Дальнейший план Шелехеса разнился от того, что задумал Пожамчи. Яков Савельевич рассчитывал получить разрешение на отдых в одном из прибалтийских государств. Для этого он уже несколько раз обращался в больницу с жалобами на боли в сердце. Он справедливо полагал, что память о его погибшем брате, секретаре Курского губкома, положение двух других его братьев позволит ему получить разрешение на выезд. Жену свою Пожамчи терпеть не мог, и поэтому для него не стоял вопрос, как быть с семьей. А для Якова Савельевича главным было, как вывезти с собой семью. Для этого он рассчитывал в Ревеле, куда он отправится один, заполучить верного врача и послать телеграмму в Москву с требованием немедленного выезда родственников из-за опасного состояния больного. Более того, он рассчитывал получить справку о смерти, а затем попросту исчезнуть. Был Яков Шелехес — умер Яков Шелехес. А уж если его жена и дочь решили остаться в Ревеле охранять могилку, то это никак не может бросить тень на братьев, служащих диктатуре пролетариата. Он додумал и самые, казалось бы, мелочи. Он решил найти в Ревеле человека, который бы вступил в фиктивный брак с его дочерью, это бы также явилось весомым оправданием для братьев, в том, конечно, случае, если бы кто заинтересовался судьбой семьи их «покойного» брата.
Шелехес, кончив помешивать ложечкой сахар в стакане, глянул на Пожамчи, и они вдруг рассмеялись — одновременно, как сговорились, словно прочитав тайные мысли друг друга.
— Когда надо начинать опасаться? — спросил Пожамчи. — Предупредите заранее?
— Я убежден, что вы меня упредите недельки за три…
Пожамчи брал фору: если его отъезд состоится через две недели, он предупредит об этом Шелехеса дня за три-четыре. Шелехес рассчитывал в свою очередь предупредить Пожамчи о своем отъезде за неделю.
— А что нам делать с газаряновским золотом? — допив чай, спросил Шелехес. — Мне золото держать не с руки.
— Мне тоже. Можно реализовать через старика Кропотова.
— Он предложит марки или франки. И то и другое шатается.
— Попросим доллары.
— Кропотов не дурак, — вздохнул Шелехес.
— У него сейчас мало работы, согласится. Обманет, правда, тысчонок на двадцать…
— Переживем, Николай Макарович… Ну, кланяюсь вам…
— Кланяюсь, Яков Савельевич… Поклон супруге и дочери.
Выйдя из квартиры, где проживают Пожамчи и Шабаев, лысый направился в дом Кропотова; там он провел двадцать семь минут (часы оказались у вновь присланного сотрудника, время теперь даю точное) и вернулся домой. Кропотов через сорок минут вышел из дома и направился на Театральную площадь, где имел встречу с Газаряном, который передал ему чемоданчик.
Горьков.
— Главный вопрос, который меня мучает, Глеб Иванович, — докладывал Будников Глебу Бокию, — это куда делся Шелехесов пакетик? В Кремле пакетик-то остался, Глеб Иванович.

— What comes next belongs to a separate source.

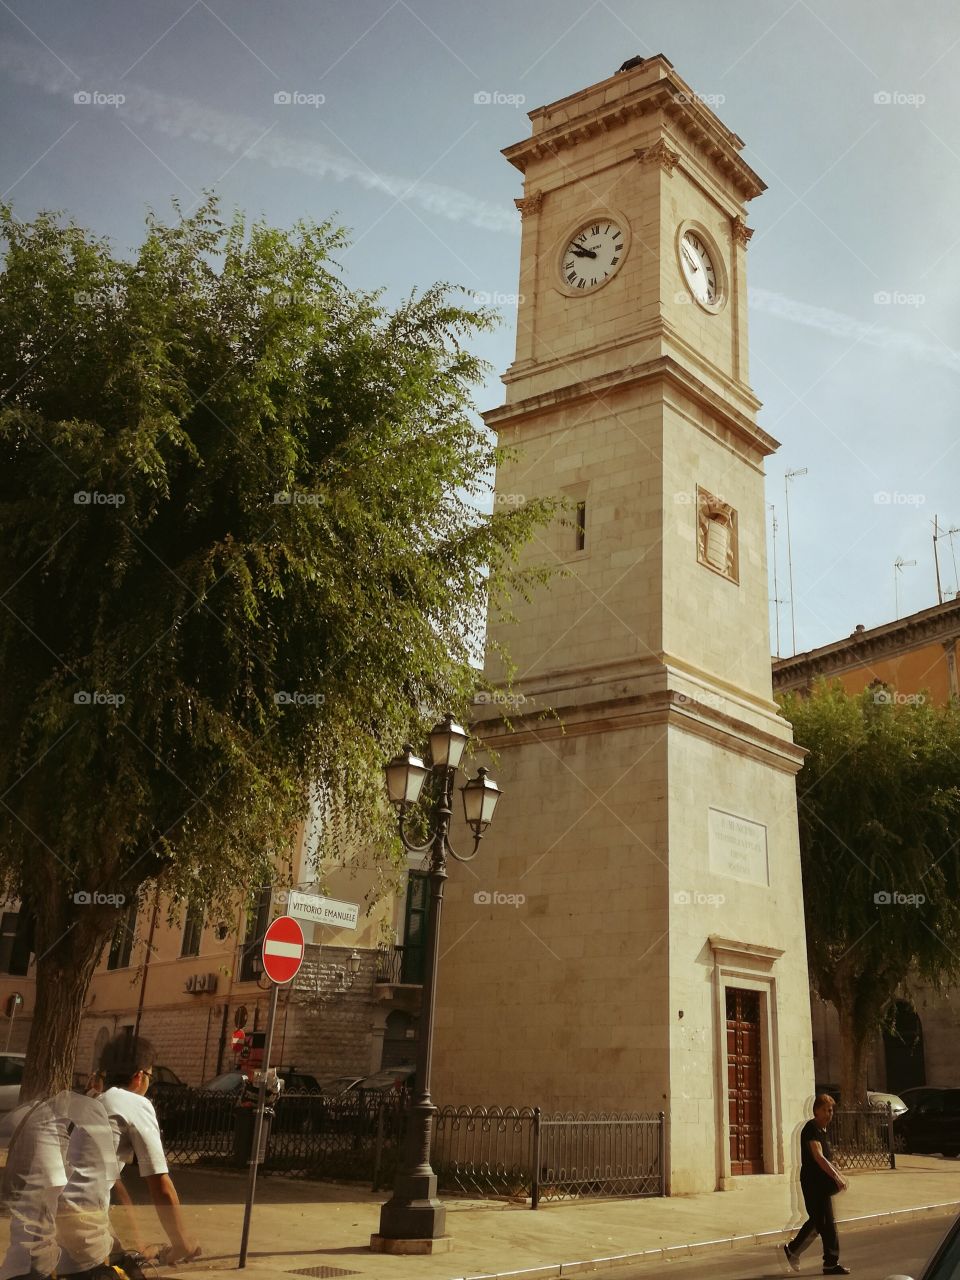 San Giacomo tower

Бокий поднялся из-за стола, потерся спиной об угол большого сейфа — позвоночник немел все чаще, левая нога делалась неживой, тяжелой. Спросил:
— Кто ему пропуск заказывал?
— Не отмечено.
— Голову за это надо снимать. Сообщите коменданту: пусть дежурного отдадут под трибунал за ротозейство… Продумайте ваши предложения. Феликс Эдмундович скоро вернется с заседания Политбюро, я хочу с ним посоветоваться.
— Брать надо всех, Глеб Иванович. Цепь замкнулась: Белов — Прохоров — Газарян — Шелехес — Пожамчи — Кропотов.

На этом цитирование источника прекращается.